I am writing the short story that would not end. Will. Not. End. It's my own fault. I went into it with a premise I liked, but not a lot of structure. It took off on me and I'm having a great time with the characters and the dialogue, but I'm nearing 10,000 words and it's not ending.
My darling Andy pointed out that it might be helpful if I knew how I wanted it to end and I do think that's part of the problem. There's really only one good ending. The bad guy has to die. He's a threat that can never be neutralized. He's driven, he's got nothing to lose and he feels that he's on the side of the angels.
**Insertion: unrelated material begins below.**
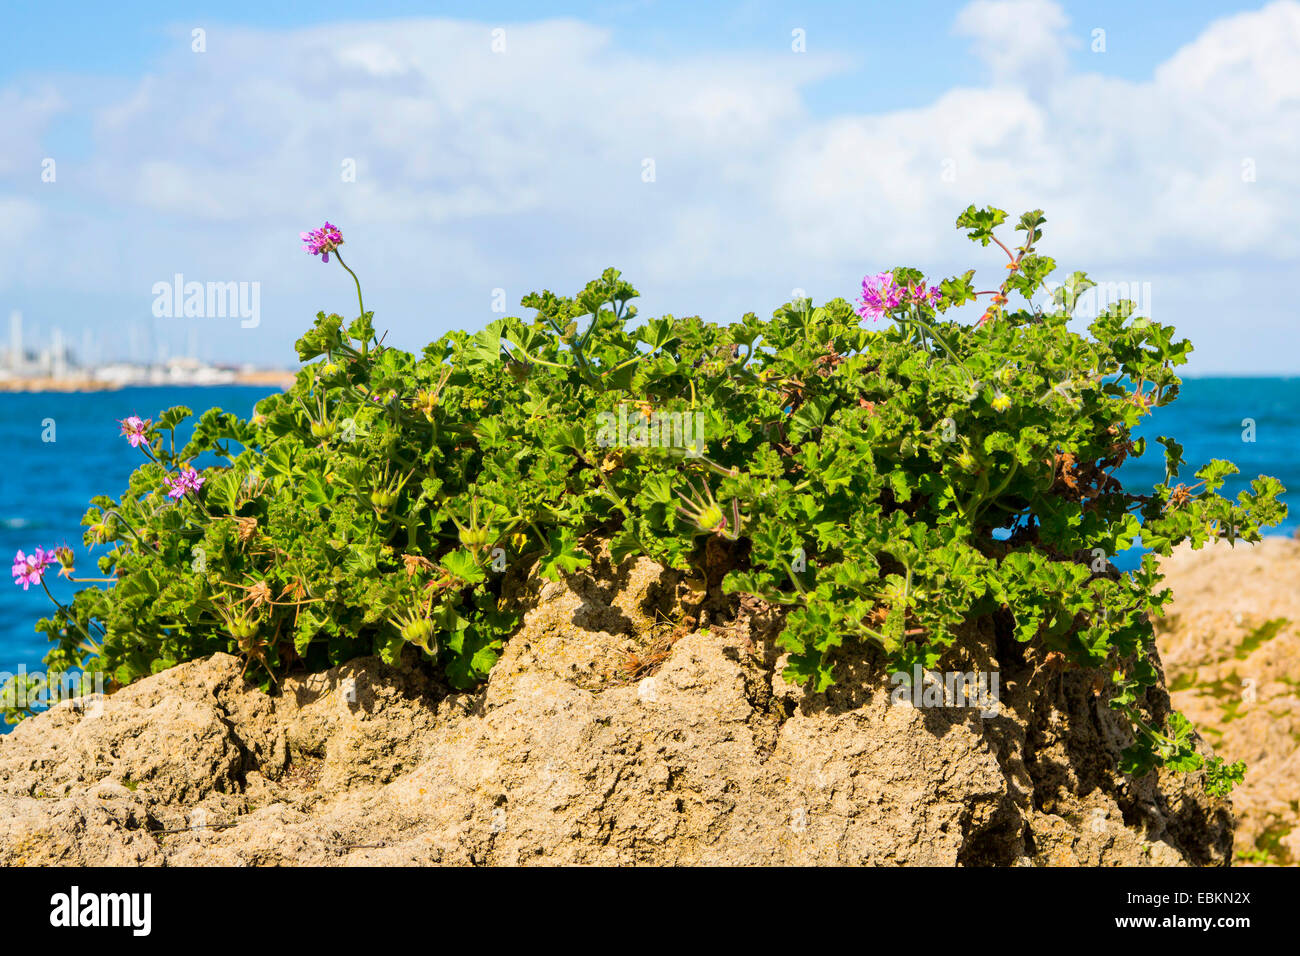 geranium (Pelargonium spec.), geranium on the beach, Australia, Western Australia, Fremantle Stock Photo

I don't think I can stand to kill him, though. I know what happened to him. I know the horror of it all. I know he's certain that he's out slaying the dragons that threaten all that's good and pure about our world. How can I kill him?
The problem is, how can I not kill him?
And so the story keeps going. Help me. Please.
10 comments:
oh my gosh - what a delimma?! Can you twist so he doesn't get killed, is there another pay off to keeping him around?
He could go back to the facility for the criminally insane, but is that really better than killing him?
Sounds like it wants to be a novel...
Killing people in print is never my problem, so not sure I can be of help, but I think Kathy is on the right track.
I think Kathy's on the right track, too... Maybe if you put him back in the facility for the criminally insane, or otherwise contain him in the short story, it can be like a prequel, (or even a sequel), for a new project? Sounds like an awesome character.
No no no. Not a novel. Novella at the max.
But keep it open for a future novel. :)
You know if you don't want to kill him, that will probably connect with the reader who won't actually want him dead despite what he's done, so when he does die you'll have great impact... so...there's that....
I'm with Maureen. Kill him... then bring him back in some reincarnated form for the book you obviously want to write about him.
Nice point, Molly. I do think those things come through even if they're not implicitly stated.